Your answer must be the exact lines below, starting with the line with "Mann, der mit" and going on through the line with "János Szász, Stockings", both included, with no pictures.

**Data supplied**
..........
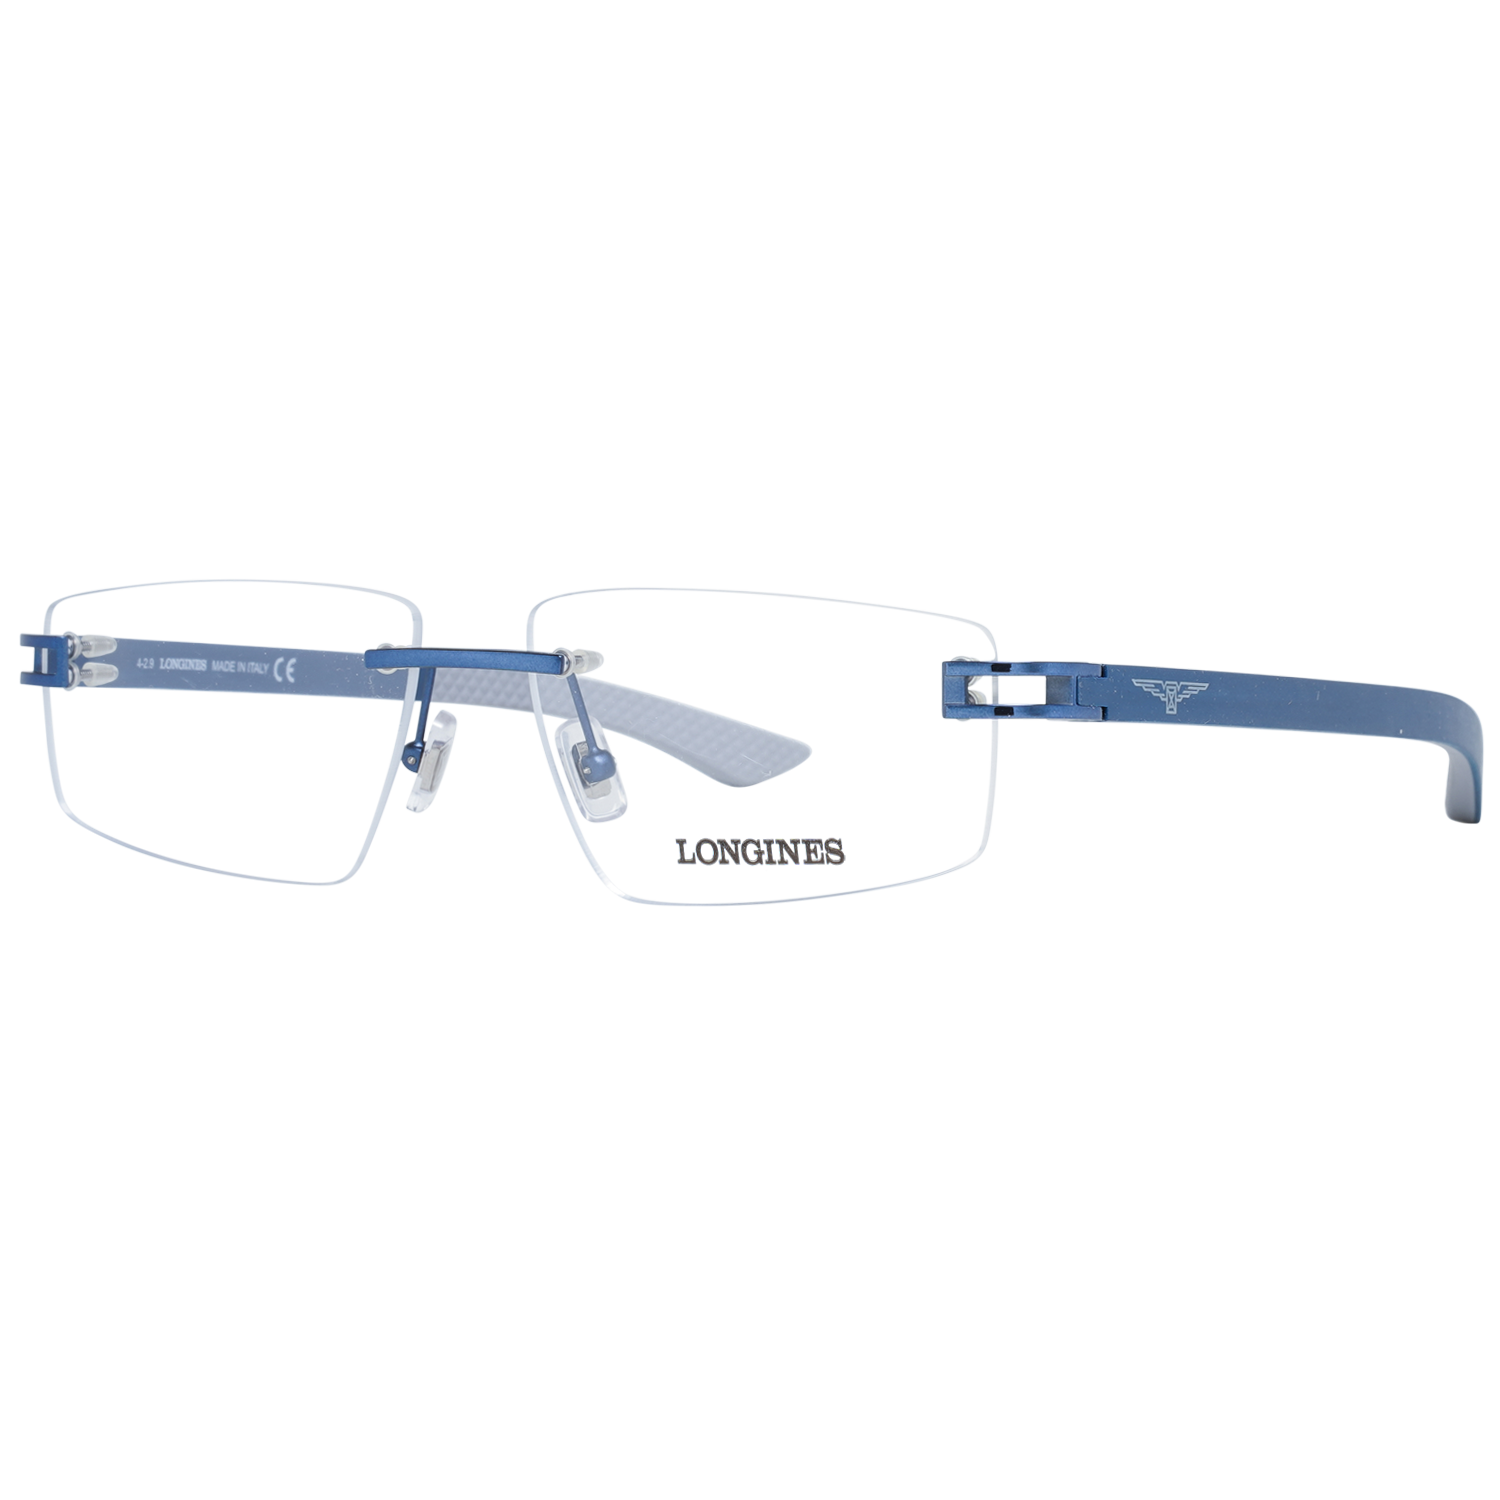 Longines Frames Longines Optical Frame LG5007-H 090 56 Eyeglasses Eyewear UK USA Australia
..........
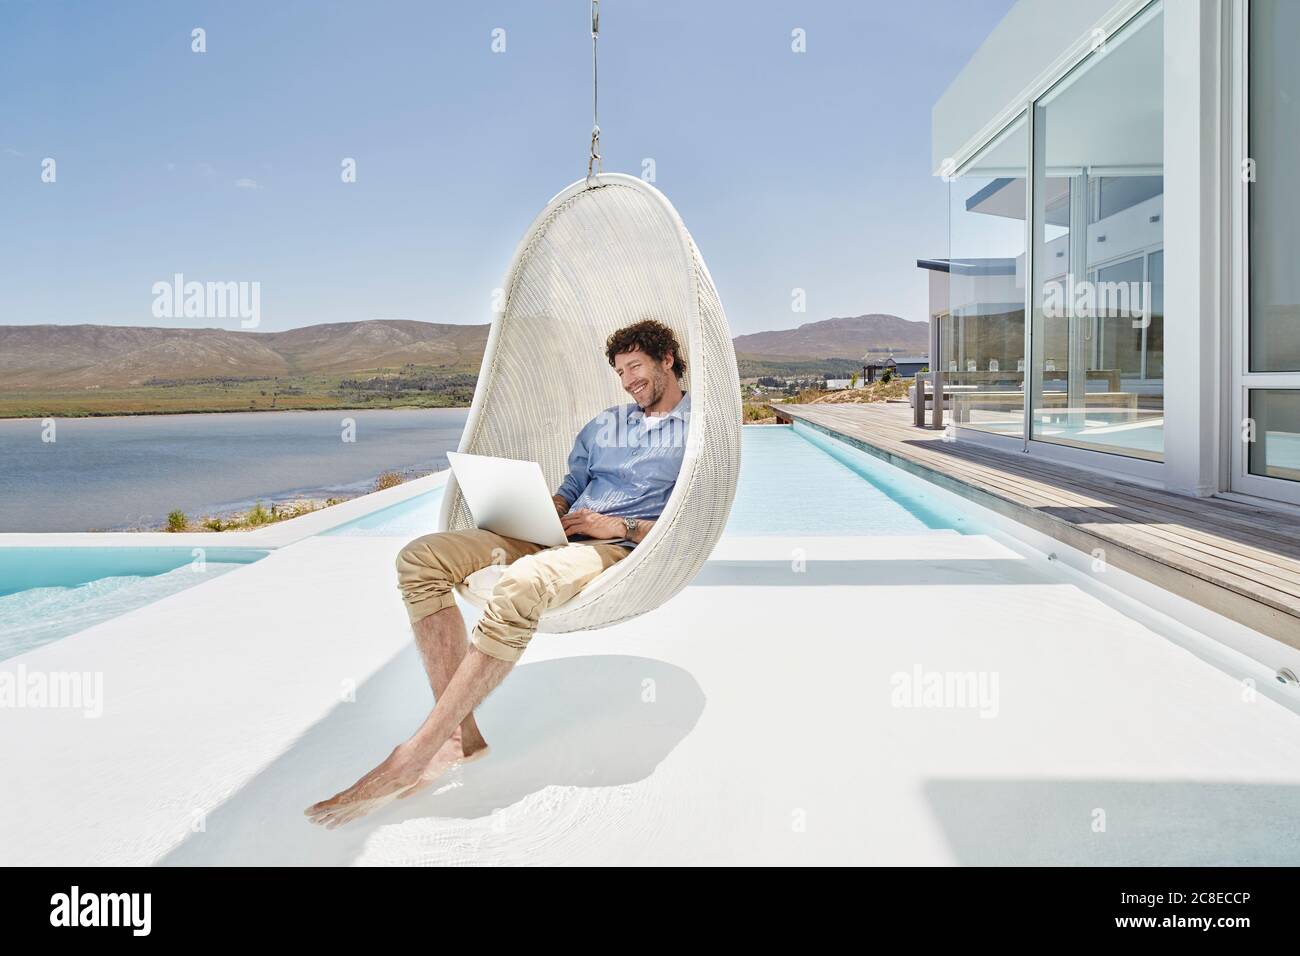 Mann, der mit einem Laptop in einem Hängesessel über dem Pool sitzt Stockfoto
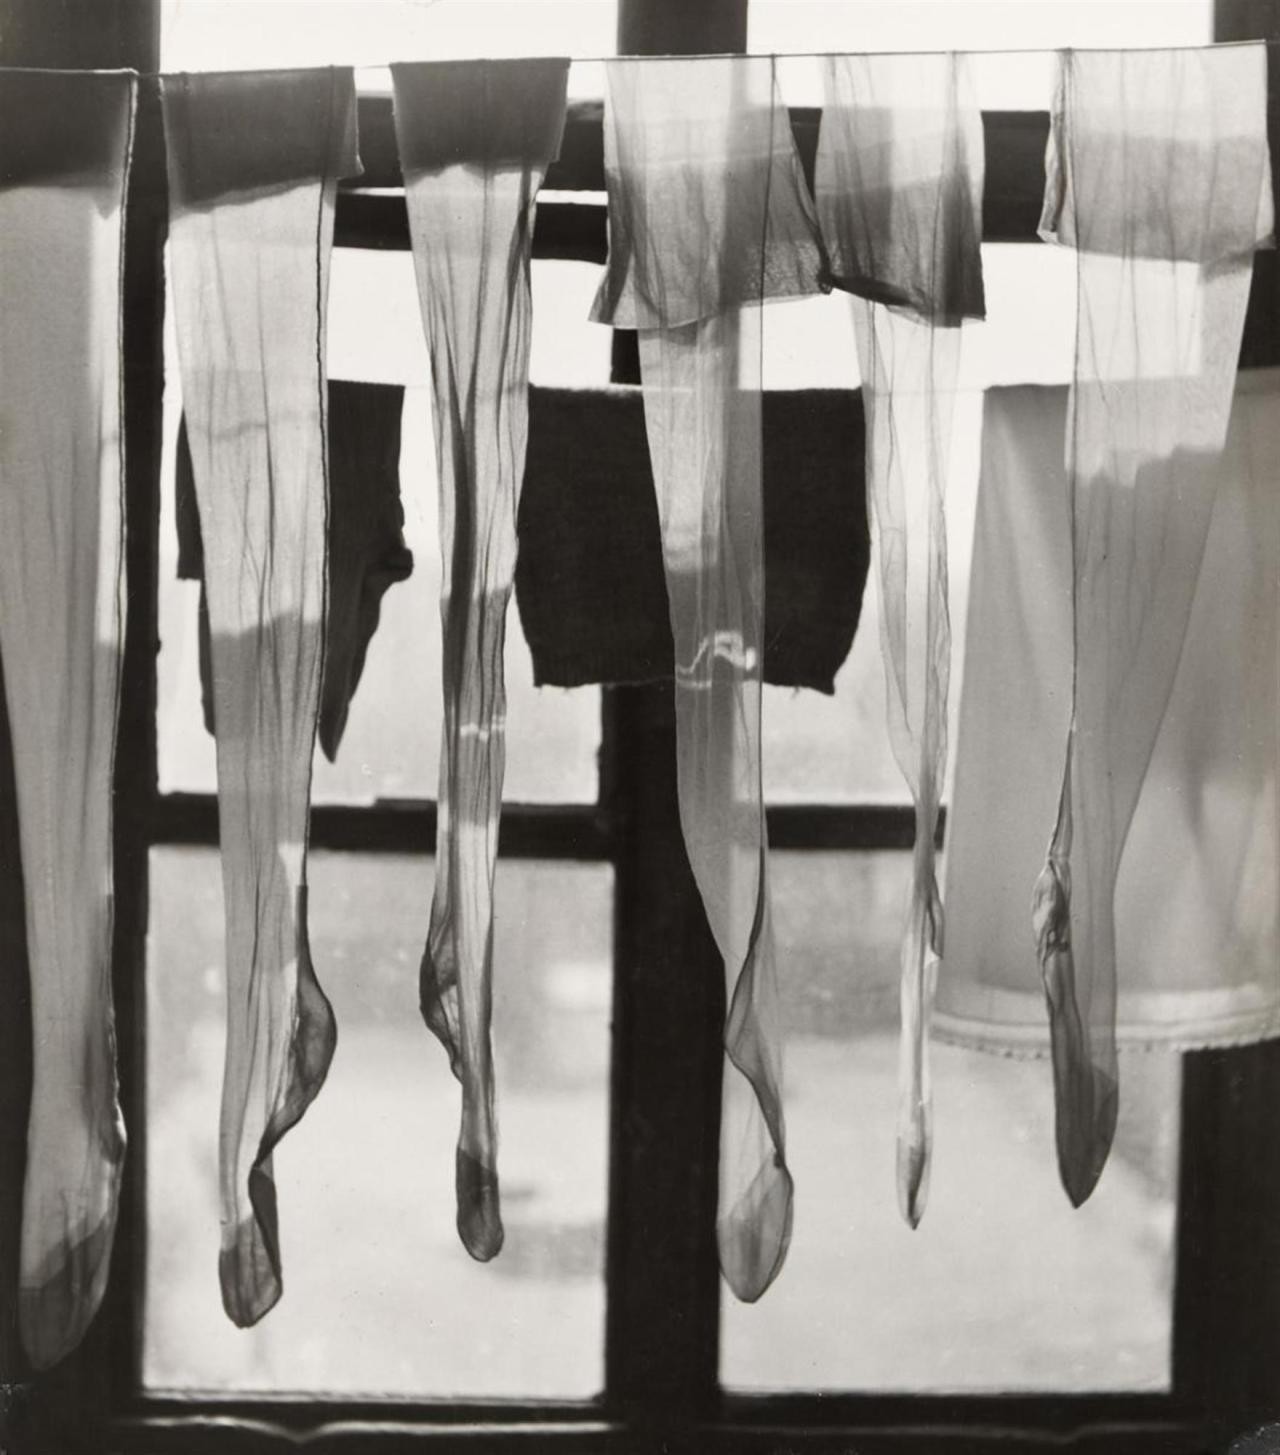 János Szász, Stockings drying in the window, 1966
..........
**Solution**
 Mann, der mit einem Laptop in einem Hängesessel über dem Pool sitzt Stockfoto
 János Szász, Stockings drying in the window, 1966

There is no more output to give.